_Brief_.
Retype, word for word, every line of the records below starting at the one that contains "5 bedroom Villa for sale in Pedreguer" and ending at the one that contains "Screenshot_20171210-151539.jpg"; include both of those lines and nothing more.

========

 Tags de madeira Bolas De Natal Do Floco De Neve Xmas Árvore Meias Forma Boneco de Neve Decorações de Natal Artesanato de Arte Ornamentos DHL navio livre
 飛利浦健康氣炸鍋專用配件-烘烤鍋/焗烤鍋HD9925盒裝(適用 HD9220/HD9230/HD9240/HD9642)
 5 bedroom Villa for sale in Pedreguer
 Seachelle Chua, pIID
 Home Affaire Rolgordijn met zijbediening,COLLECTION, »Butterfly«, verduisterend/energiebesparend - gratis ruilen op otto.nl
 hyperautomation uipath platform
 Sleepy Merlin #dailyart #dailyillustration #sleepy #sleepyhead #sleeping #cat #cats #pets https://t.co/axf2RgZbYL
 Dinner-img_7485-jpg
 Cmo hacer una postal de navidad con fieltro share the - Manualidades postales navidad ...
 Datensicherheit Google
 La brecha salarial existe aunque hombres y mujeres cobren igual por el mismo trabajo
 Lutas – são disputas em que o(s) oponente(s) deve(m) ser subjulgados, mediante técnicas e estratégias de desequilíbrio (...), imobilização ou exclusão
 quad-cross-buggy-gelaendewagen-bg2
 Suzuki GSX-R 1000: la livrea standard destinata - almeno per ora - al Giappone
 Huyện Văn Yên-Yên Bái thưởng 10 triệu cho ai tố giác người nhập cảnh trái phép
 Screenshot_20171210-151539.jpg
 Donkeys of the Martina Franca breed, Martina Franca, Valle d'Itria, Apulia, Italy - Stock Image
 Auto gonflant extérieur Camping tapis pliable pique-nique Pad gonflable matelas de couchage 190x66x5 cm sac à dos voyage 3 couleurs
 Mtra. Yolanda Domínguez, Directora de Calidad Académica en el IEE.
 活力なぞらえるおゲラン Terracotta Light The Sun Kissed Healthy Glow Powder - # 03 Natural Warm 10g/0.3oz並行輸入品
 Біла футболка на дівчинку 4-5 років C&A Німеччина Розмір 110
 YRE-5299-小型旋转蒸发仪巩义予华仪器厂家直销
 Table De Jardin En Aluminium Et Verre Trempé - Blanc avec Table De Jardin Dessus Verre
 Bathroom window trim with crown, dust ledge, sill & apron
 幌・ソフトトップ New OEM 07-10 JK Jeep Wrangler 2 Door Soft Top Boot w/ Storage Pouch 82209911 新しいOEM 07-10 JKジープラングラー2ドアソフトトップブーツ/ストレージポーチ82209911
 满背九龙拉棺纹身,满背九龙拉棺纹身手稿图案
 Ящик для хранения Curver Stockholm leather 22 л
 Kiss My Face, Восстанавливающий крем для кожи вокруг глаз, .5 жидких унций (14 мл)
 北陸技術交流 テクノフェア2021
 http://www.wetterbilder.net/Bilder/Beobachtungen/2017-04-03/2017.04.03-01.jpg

========

_Output for this exercise_.
 5 bedroom Villa for sale in Pedreguer
 Seachelle Chua, pIID
 Home Affaire Rolgordijn met zijbediening,COLLECTION, »Butterfly«, verduisterend/energiebesparend - gratis ruilen op otto.nl
 hyperautomation uipath platform
 Sleepy Merlin #dailyart #dailyillustration #sleepy #sleepyhead #sleeping #cat #cats #pets https://t.co/axf2RgZbYL
 Dinner-img_7485-jpg
 Cmo hacer una postal de navidad con fieltro share the - Manualidades postales navidad ...
 Datensicherheit Google
 La brecha salarial existe aunque hombres y mujeres cobren igual por el mismo trabajo
 Lutas – são disputas em que o(s) oponente(s) deve(m) ser subjulgados, mediante técnicas e estratégias de desequilíbrio (...), imobilização ou exclusão
 quad-cross-buggy-gelaendewagen-bg2
 Suzuki GSX-R 1000: la livrea standard destinata - almeno per ora - al Giappone
 Huyện Văn Yên-Yên Bái thưởng 10 triệu cho ai tố giác người nhập cảnh trái phép
 Screenshot_20171210-151539.jpg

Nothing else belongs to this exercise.